■ What to work on
The full listing, word for word and free of images, is the expected result.

■ Data block

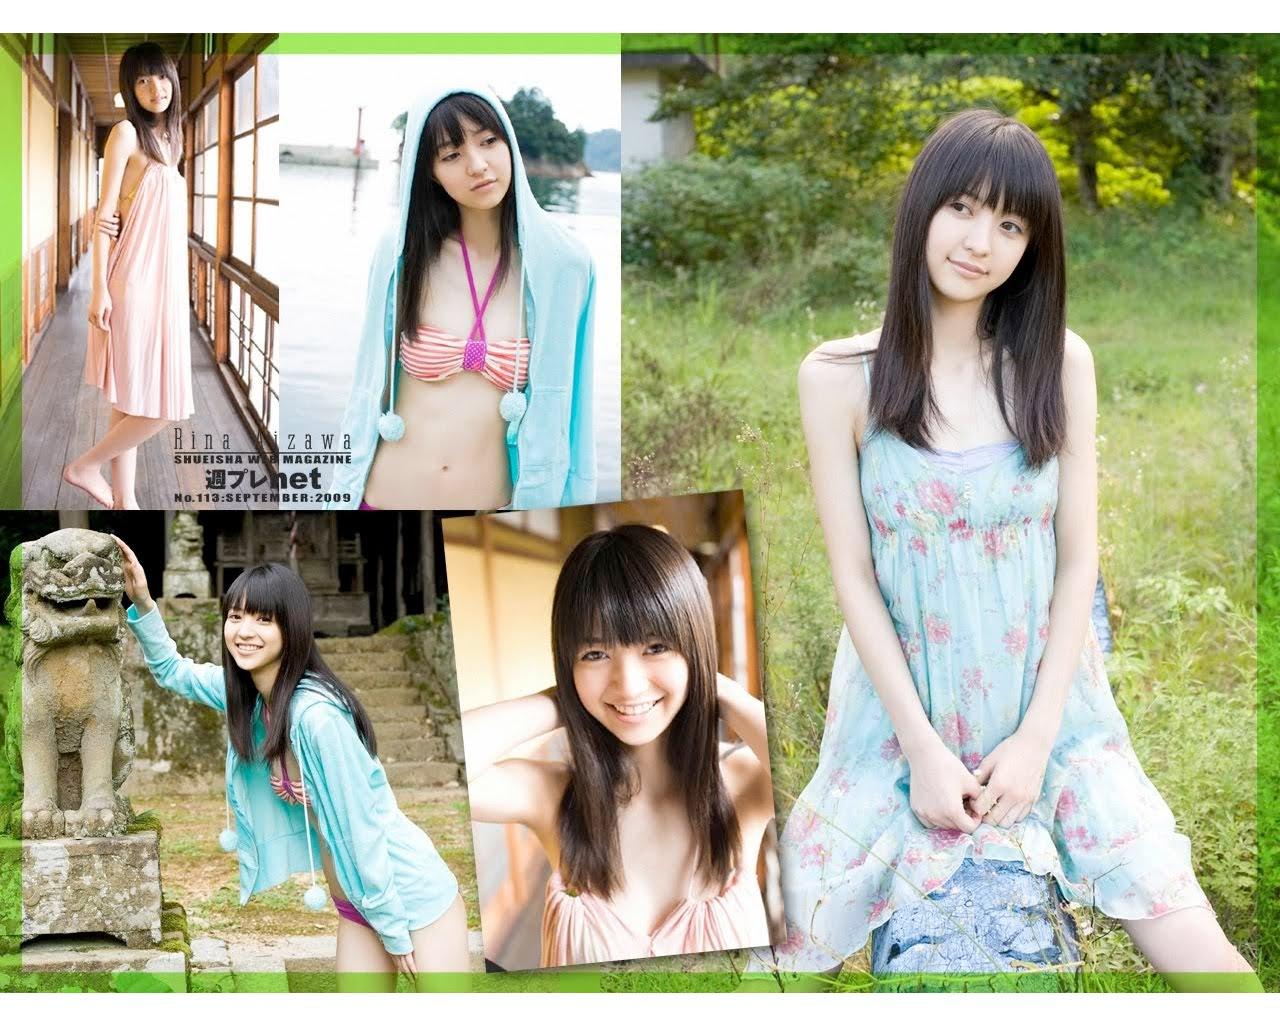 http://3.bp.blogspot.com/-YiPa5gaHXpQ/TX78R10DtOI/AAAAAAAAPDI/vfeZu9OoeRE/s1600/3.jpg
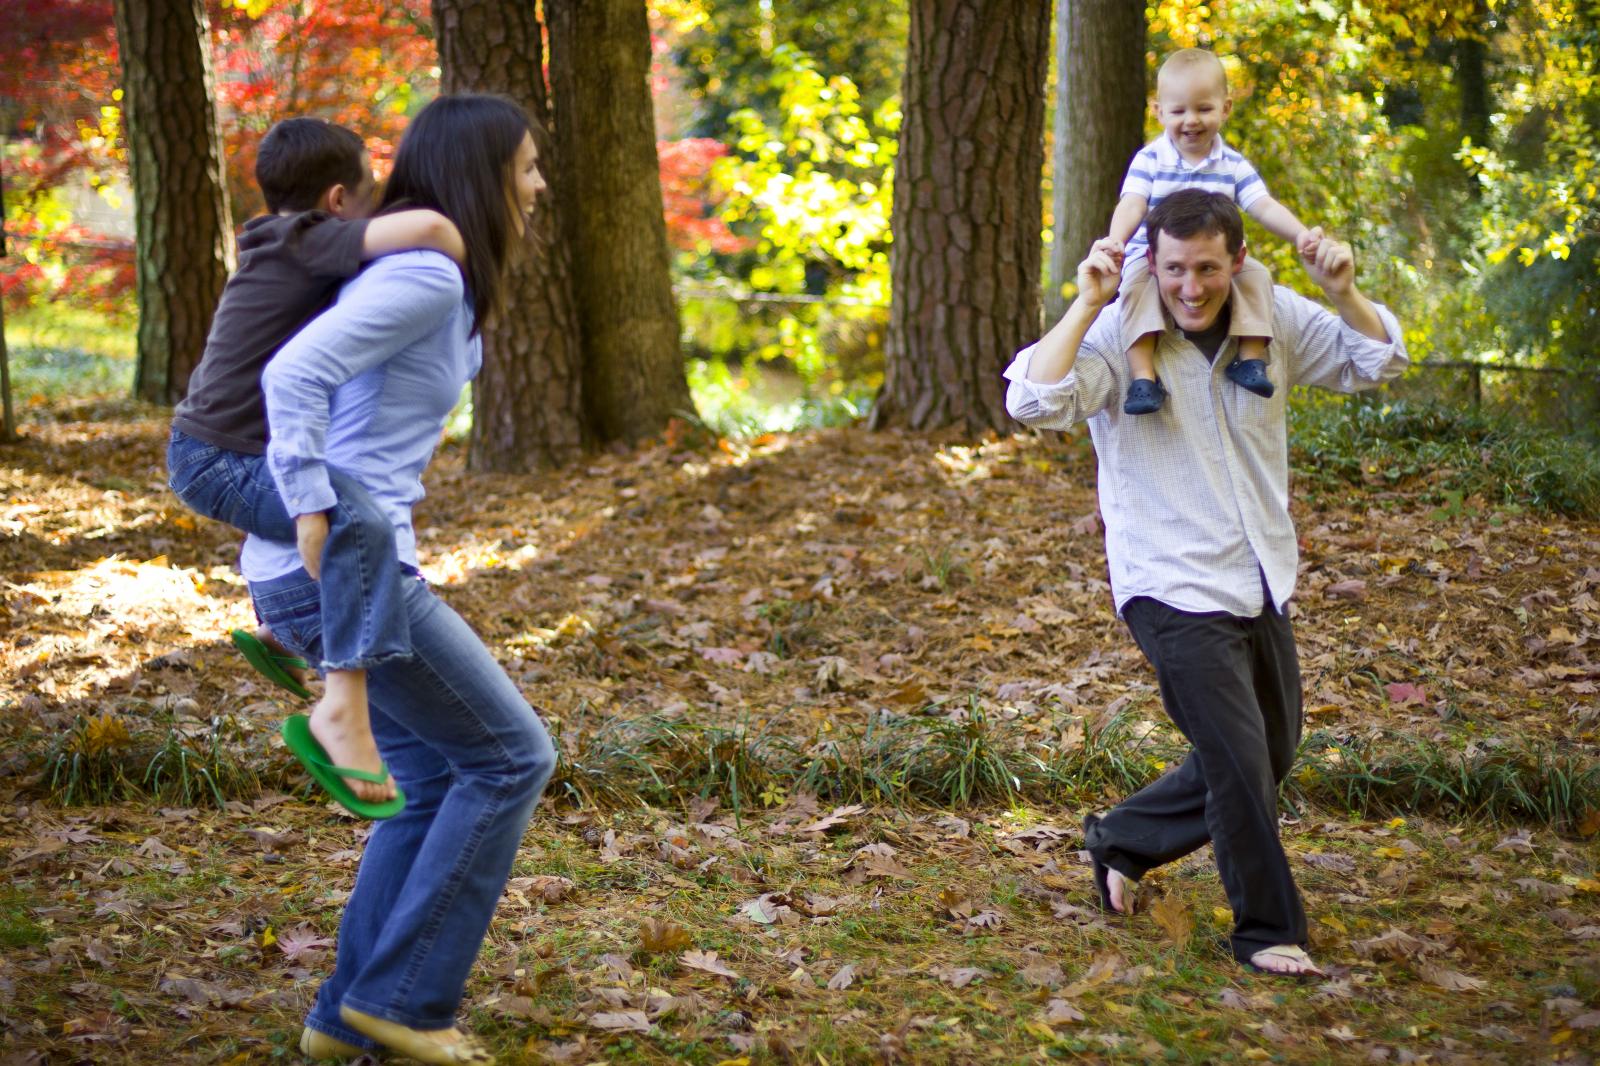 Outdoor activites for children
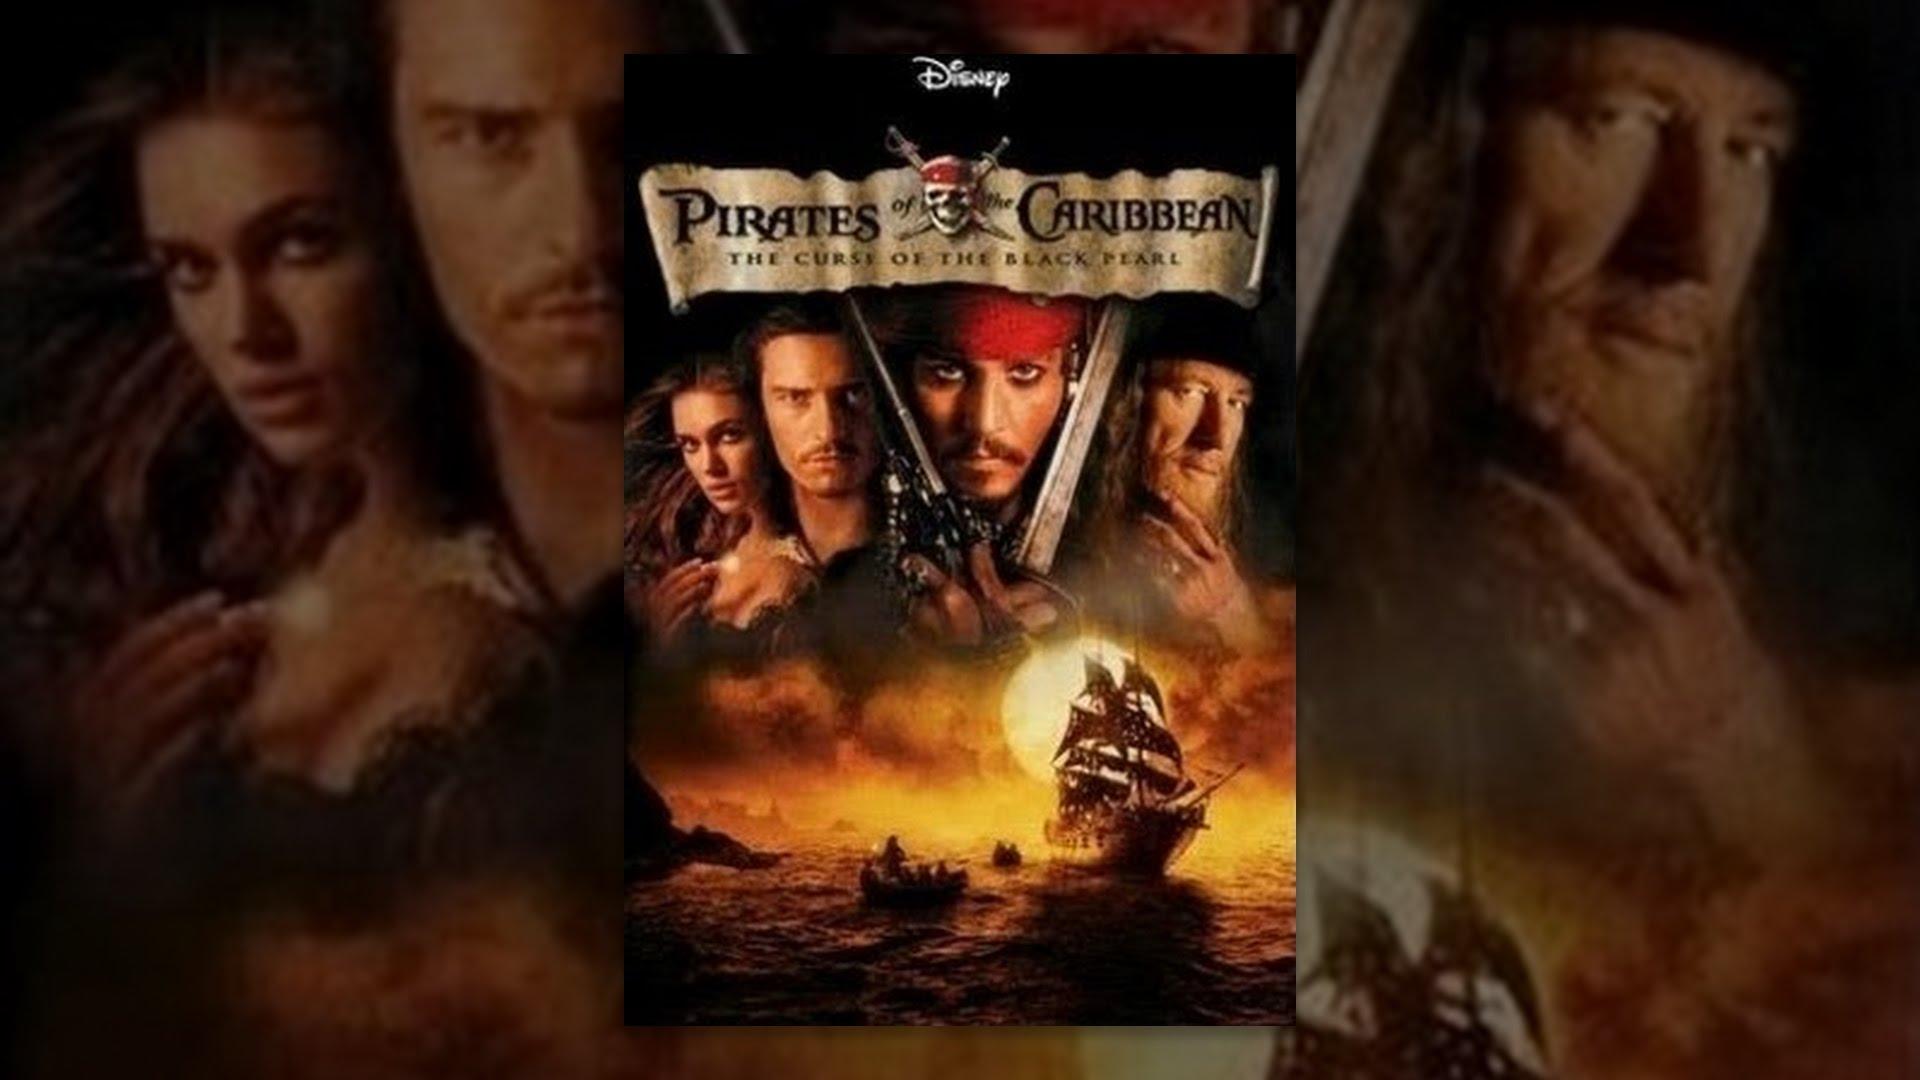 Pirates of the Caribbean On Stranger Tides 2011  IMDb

■ Exercise output
 http://3.bp.blogspot.com/-YiPa5gaHXpQ/TX78R10DtOI/AAAAAAAAPDI/vfeZu9OoeRE/s1600/3.jpg
 Outdoor activites for children
 Pirates of the Caribbean On Stranger Tides 2011  IMDb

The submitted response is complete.